Scaling Microservices with Message Queues, Spring Boot and Kubernetes

When you design and build applications at scale, you deal with two significant challenges: scalability and robustness.

You should design your service so that even if it is subject to intermittent heavy loads, it continues to operate reliably.

Take the Apple Store as an example.

Every year millions of Apple customers preregister to buy a new iPhone.

That's millions of people all buying an item at the same time.

If you were to picture the Apple store's traffic as requests per second over time, this is what the graph could look like:


Now imagine you're tasked with the challenge of building such application.

You're building a store where users can buy their favourite items.

You build a microservice to render the web pages and serving the static assets.

You also build a backend REST API to process the incoming requests.

You want the two components to be separated because with the same REST API you could serve the website and mobile apps.


Today turned out to be the big day, and your store goes live.

You decide to scale the application to four instances for the front-end and four instances for the backend because you predict the website to be busier than usual.

Serving traffic

You start receiving more and more traffic.

The front-end services are handling the traffic fine.

You notice that the backend that is connected to the database is struggling to keep up with the number of transactions.

No worries, you can scale the number of replicas to 8 for the backend.

Scaling out

You're receiving even more traffic, and the backend can't cope with it.

Some of the services start dropping connections.

Angry customers get in touch with your customer service.

And now you're drowning in traffic.

Your backend can't cope with it, and it drops plenty of connections.

Too much traffic

You just lost a ton of money, and your customers are unhappy.

Your application is not designed to be robust and highly available:

  • the front-end and the backend are tightly coupled — in fact it can't process applications without the backend
  • the front-end and backend have to scale in concert — if there aren't enough backends, you could drown in traffic
  • if the backend is unavailable, you can't process incoming transactions.

And lost transactions are lost revenues.

You could redesign your architecture to decouple the front-end and the backend with a queue.

Decoupling front-end and backend with a message broker

The front-end posts messages to the queue, while the backend processes the pending messages one at the time.

The new architecture has some obvious benefits:

  • if the backend is unavailable, the queue acts as a buffer
  • if the front-end is producing more messages than what the backend can handle, those messages are buffered in the queue
  • you can scale the backend independently of the front-end — i.e. you could have hundreds of front-end services and a single instance of the backend

Great, but how do you build such application?

How do you design a service that can handle hundreds of thousands of requests?

And how do you deploy an application that scales dynamically?

Before diving into the details of deployment and scaling, let's focus on the application.

Coding a Spring application

The service has three components: the front-end, the backend and a message broker.

The front-end is a simple Spring Boot web app with the Thymeleaf templating engine.

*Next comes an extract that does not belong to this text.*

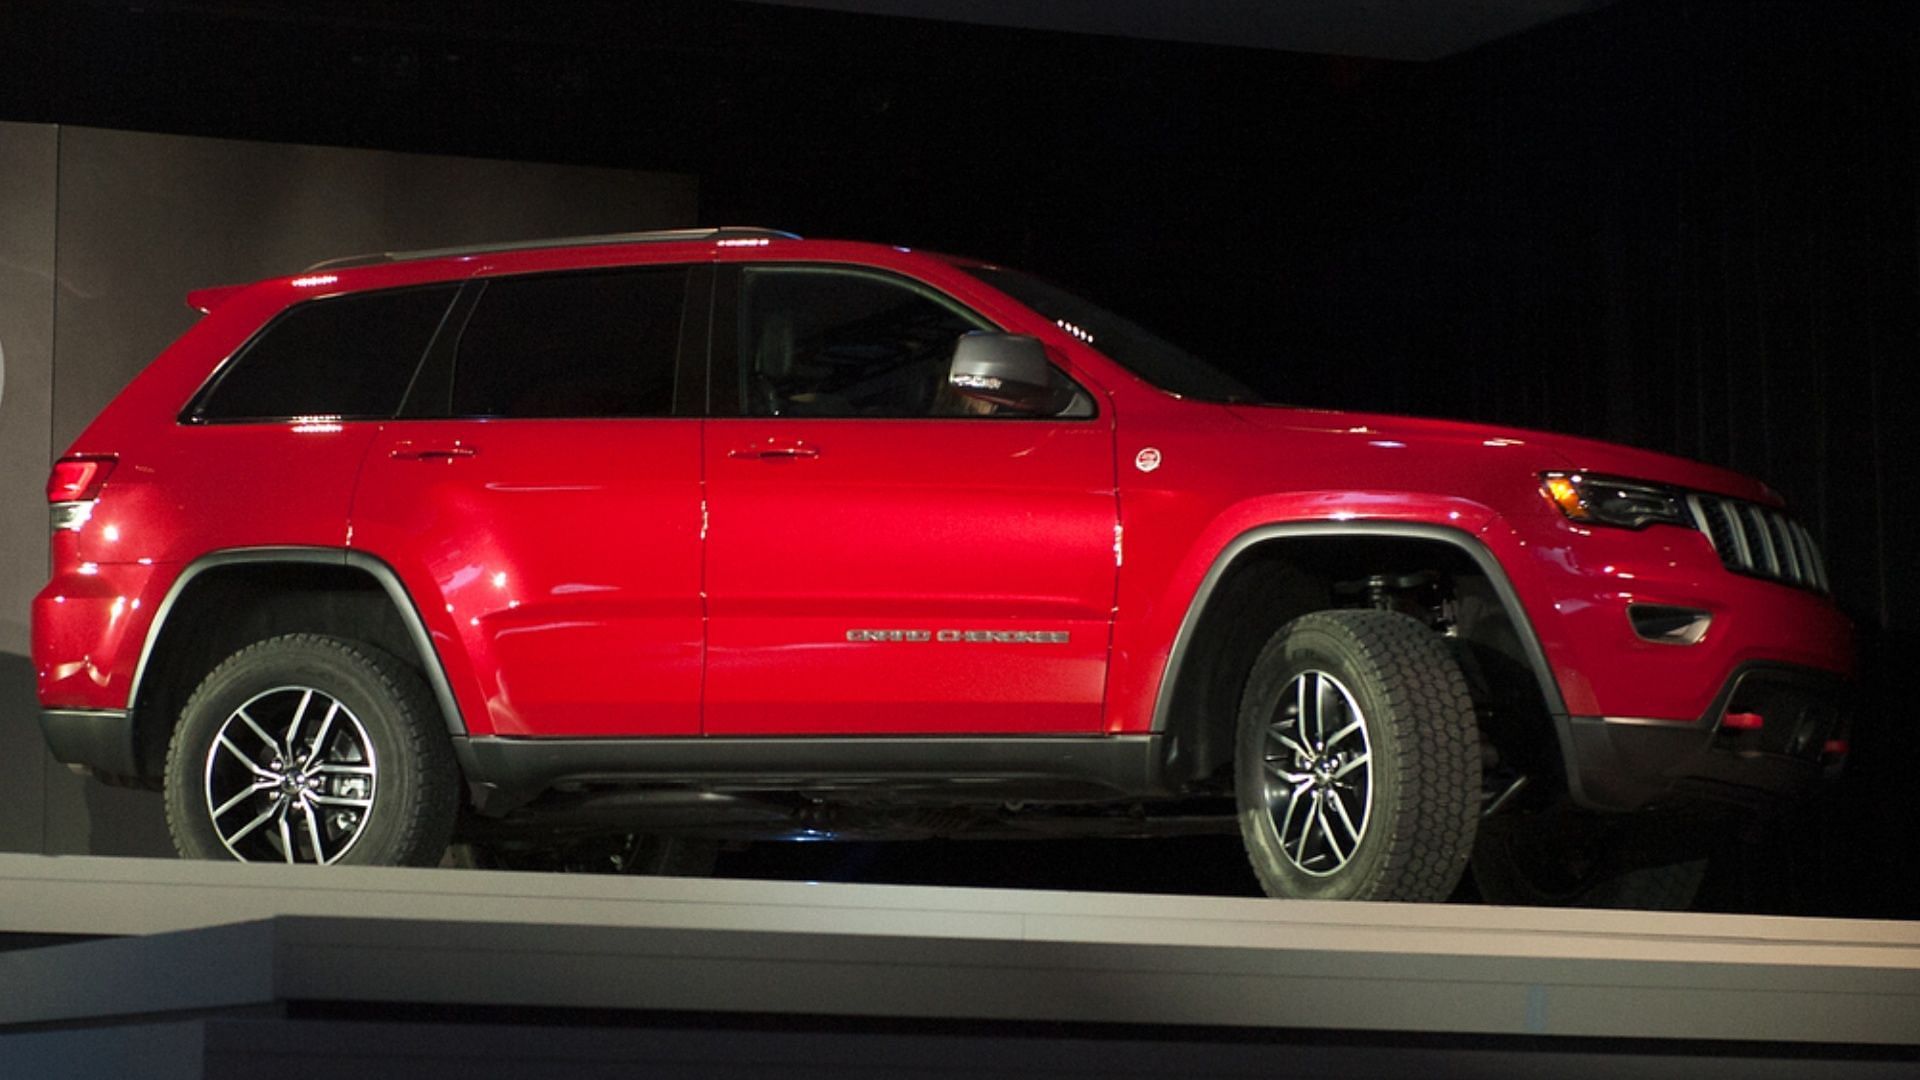 The recalled Jeep Grand Cherokee vehicles may pose accident and crash risks (Image via Bryan Thomas /Getty Images)

The backend is a worker consuming messages from a queue.

And since Spring Boot has excellent integration with JMS, you could use that to send and receive asynchronous messages.

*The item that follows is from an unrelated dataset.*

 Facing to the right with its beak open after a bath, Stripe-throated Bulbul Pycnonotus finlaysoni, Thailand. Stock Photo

You can find a sample project with a front-end and backend application connected to JMS at learnk8s/spring-boot-k8s-hpa.

Please note that the application is written in Java 10 to leverage the improved Docker container integration.

There's a single code base, and you can configure the project to run either as the front-end or backend.

You should know that the app has:

  • a homepage where you can buy items
  • an admin panel where you can inspect the number of messages in the queue
  • a /health endpoint to signal when the application is ready to receive traffic
  • a /submit endpoint that receives submissions from the form and creates messages in the queue
  • a /metrics endpoint to expose the number of pending messages in the queue (more on this later)

The application can function in two modes:

As frontend, the application renders the web page where people can buy items.

Store front-end

As a worker, the application waits for messages in the queue and processes them.

Store admin worker

Please note that in the sample project the processing is simulated by waiting for five seconds with a Thread.sleep(5000).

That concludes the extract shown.